Sunday, April 11, 2010

A couple of nights ago a friend and I were sort of watching the Rangers/Flyers game. We had a debate that went roughly like this:
Me: Zmg, this is so boring. How can you watch this? Everyone over to this side! Now everyone over to that side! 500 times! Same thing with basketball. At least in basketball the last 60 seconds get interesting, if you're lucky.
Him: I can't believe you think this is more boring than BASEBALL. It takes forever and NOTHING EVER HAPPENS.
[repeat x3]
We're both right and wrong in our own ways, of course. But that got me thinking very specifically about why I so love to watch and follow baseball.
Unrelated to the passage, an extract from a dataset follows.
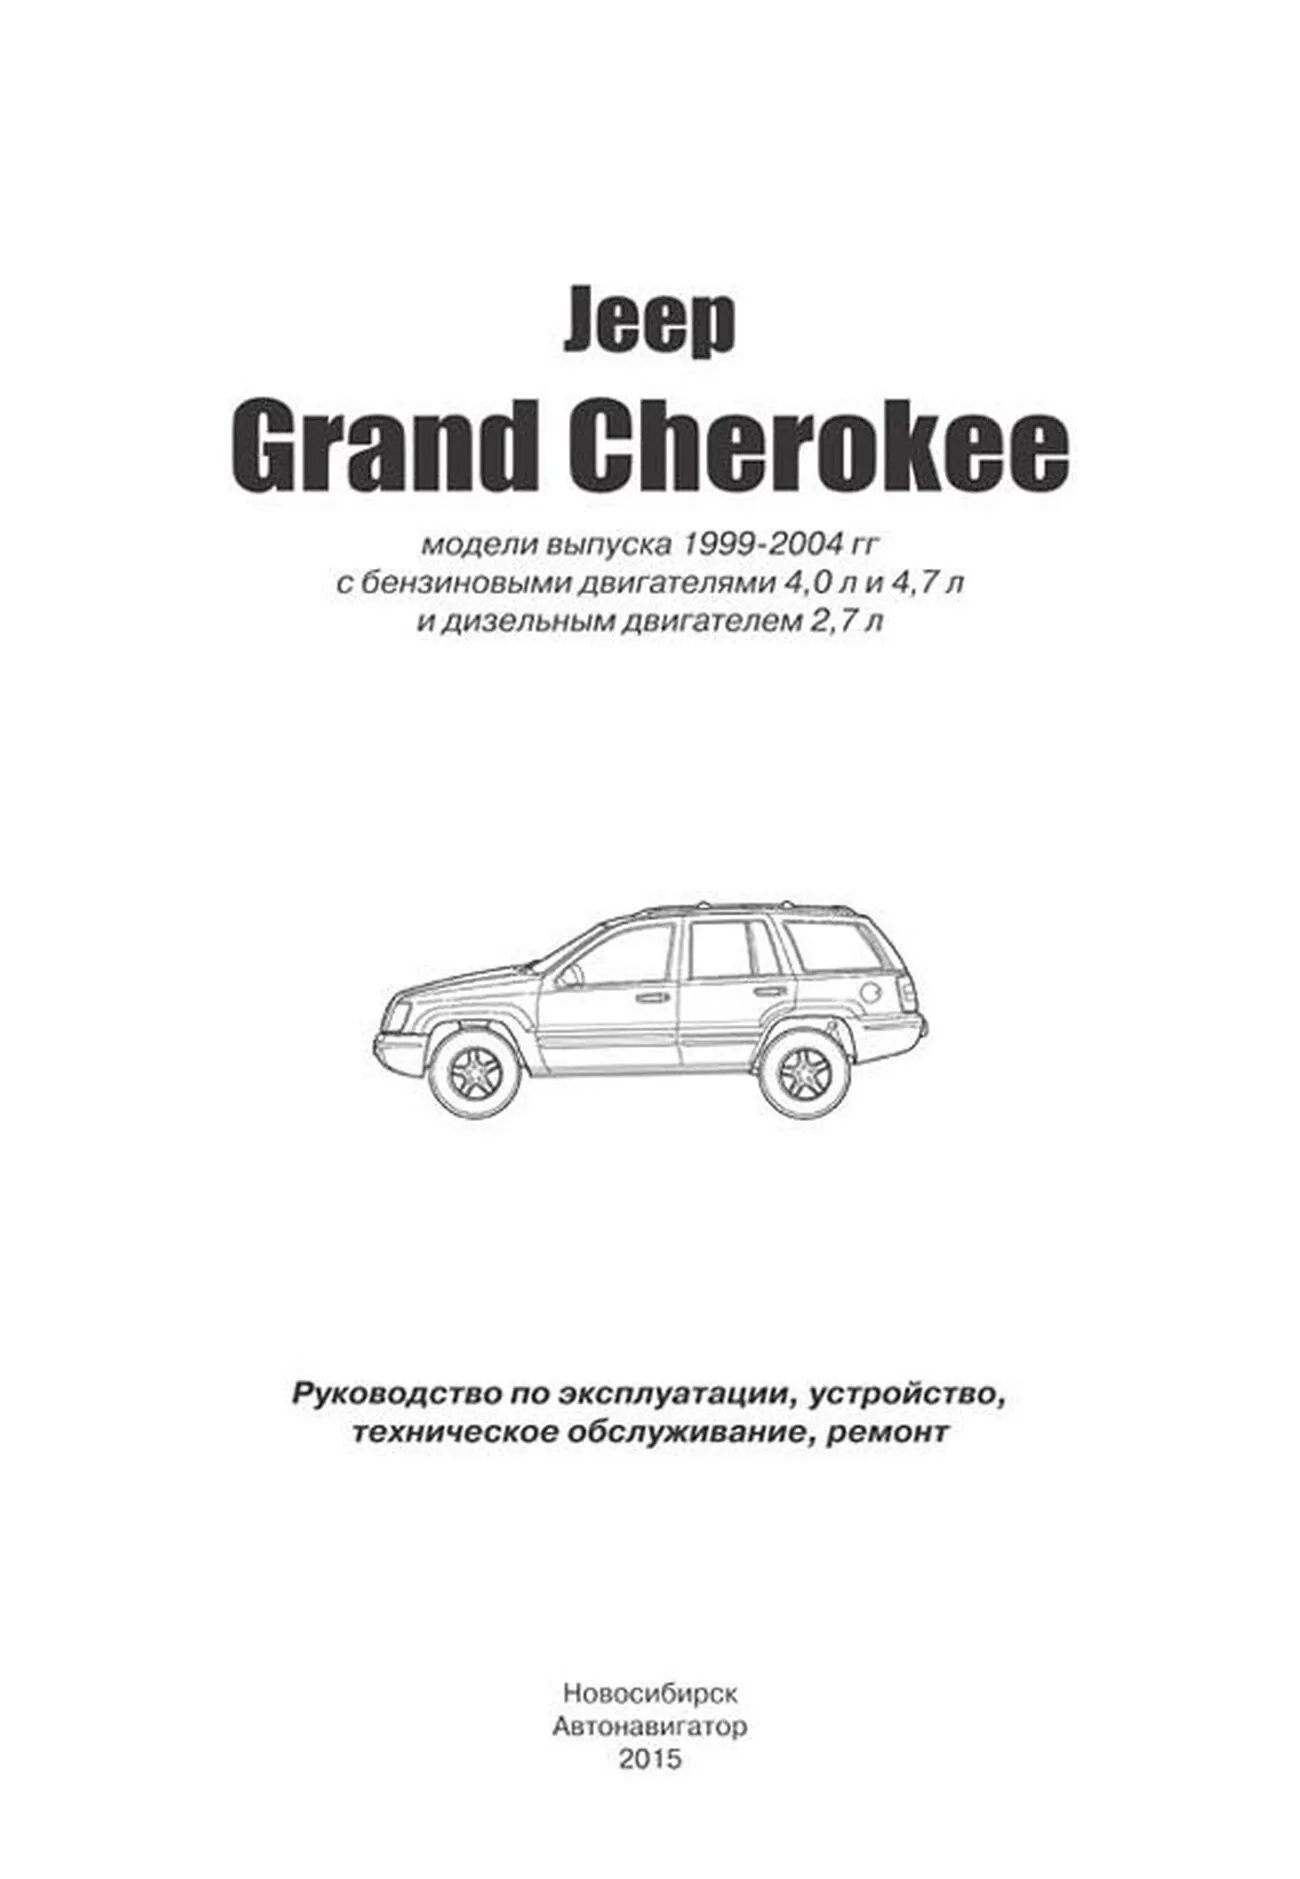 Книга: JEEP GRAND CHEROKEE (б , д) 1999-2004 г.в., рем., экспл., то | Автонавигатор

Besides the more obvious stuff like the constant strategic maneuvering (my favorites being the changes in pitch-to-pitch selection depending on so many variables - who's on base, where, how many outs there are; whether to steal, or to hit-and-run [Keith Hernandez wrote an entire {irritatingly-toned, but engrossing} several-hundred-page book on the latter topic which, by his own admission therein, only scratched the surface of this very minor & relatively rare element of the game]; relief; and possibly best of all, defensive intrigue - bringing in the infield, the shift, deking baserunners, looking them back, cutoffs, second cutoffs, backing up the plate - too little attention is given to this aspect of the game by commentators and tv directors for my taste, and being able to observe these shenanigans is one of the main reasons I love to go to games; switching up signs mid-game) - probably what I love next most are the intimate details that...
...don't let you forget they're humans: the joyous abandon of dogpiling that looks exactly the same as if they were kids, the enemy chitchat on the bases, the occasional bizarro hilarious brainfart-type defensive or baserunning error, the traditional practical jokes [ignoring a pitcher carrying a no-hitter or perfect game, or my favorite, not acknowledging a rookie's first hr]);
...or, conversely, demonstrate the blithe casualness of (most) players toward their own extreme giftedness and excellence: the double-play-turning 2B sailing over the oncoming runner, oblivious to both gravity and the runner's murderous intent (such an every-game occurrence that it's hard to appreciate the precision timing, quick thinking, nimbleness and just sheer fast-twitch power that I can only assume are necessary to pull it off); or the impossible smoothness and seeming effortlessness of many players' HR swings, and, on the other side, the way the pitcher knows - it seems almost before contact is even made - that the ball is gone- they don't even have to look, they just look down at the ground (as a spatial-reasoning-challenged person, to me there's something thrilling and awe-inspiring about that level of no-look depth perceptiveness).